From ad8fbc4f045036fa7aa2c7d9d7dc15ead9c3286b Mon Sep 17 00:00:00 2001
From: JacksonMaxfield <jmaxfieldbrown@gmail.com>
Date: Mon, 13 Jun 2022 11:34:36 -0700
Subject: [PATCH 10/15] Start on store remote work

---
 .../pipeline/generate_event_index_pipeline.py | 30 ++++++++++++++++---
 1 file changed, 26 insertions(+), 4 deletions(-)

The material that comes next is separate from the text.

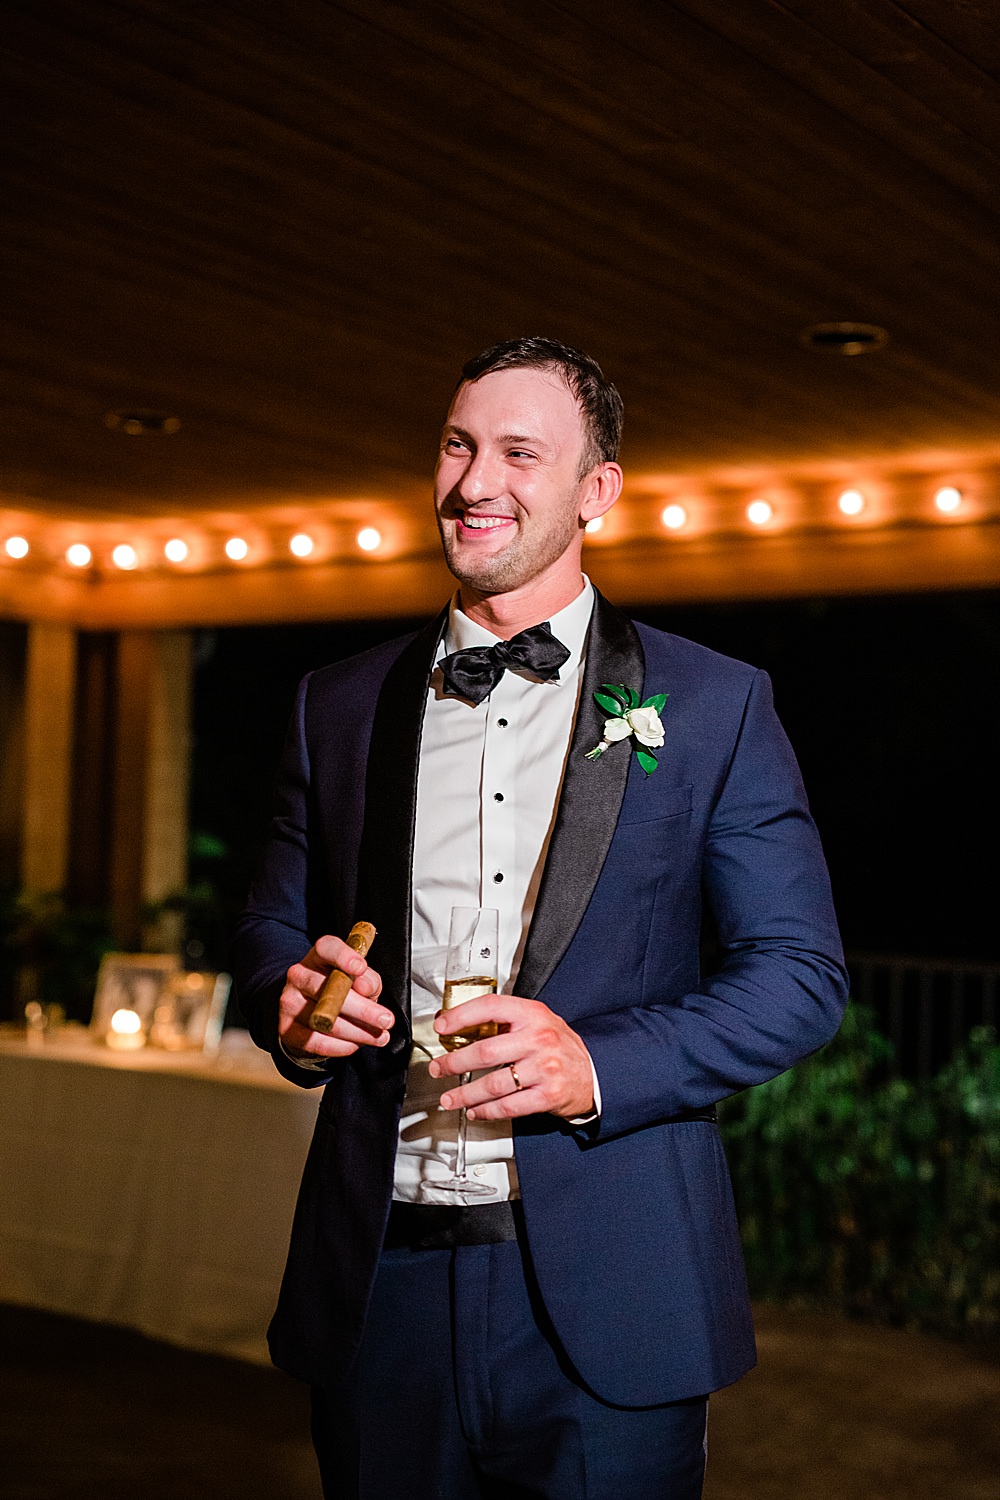 Portrait of a groom holding a glass of champagne and cigar

diff --git a/cdp_backend/pipeline/generate_event_index_pipeline.py b/cdp_backend/pipeline/generate_event_index_pipeline.py
index 7257b93a..331c70f7 100644
--- a/cdp_backend/pipeline/generate_event_index_pipeline.py
+++ b/cdp_backend/pipeline/generate_event_index_pipeline.py
@@ -24,6 +24,7 @@
 from ..utils import string_utils
 from .pipeline_config import EventIndexPipelineConfig
 from .transcript_model import Sentence, Transcript
+from ..file_store import functions as fs_functions
 
 ###############################################################################
 
@@ -346,11 +347,16 @@ def compute_tfidf(
 def chunk_index(
     n_grams_df: pd.DataFrame,
     n_grams: int,
+    credentials_file: str,
+    bucket_name: str,
     storage_dir: Path = Path("index/"),
+    store_remote: bool = False,
 ) -> None:
     """
     Split the large n_grams dataframe into multiple lists of IndexedEventGram models
     for batched, mapped, upload.
+
+    Optionally store to cloud firestore.
     """
     # Clean the storage dir
     storage_dir = Path(storage_dir)
@@ -366,14 +372,24 @@ def chunk_index(
         range(0, n_grams_df.shape[0], chunk_size)
     ):
         n_grams_chunk = n_grams_df[chunk_offset : chunk_offset + chunk_size]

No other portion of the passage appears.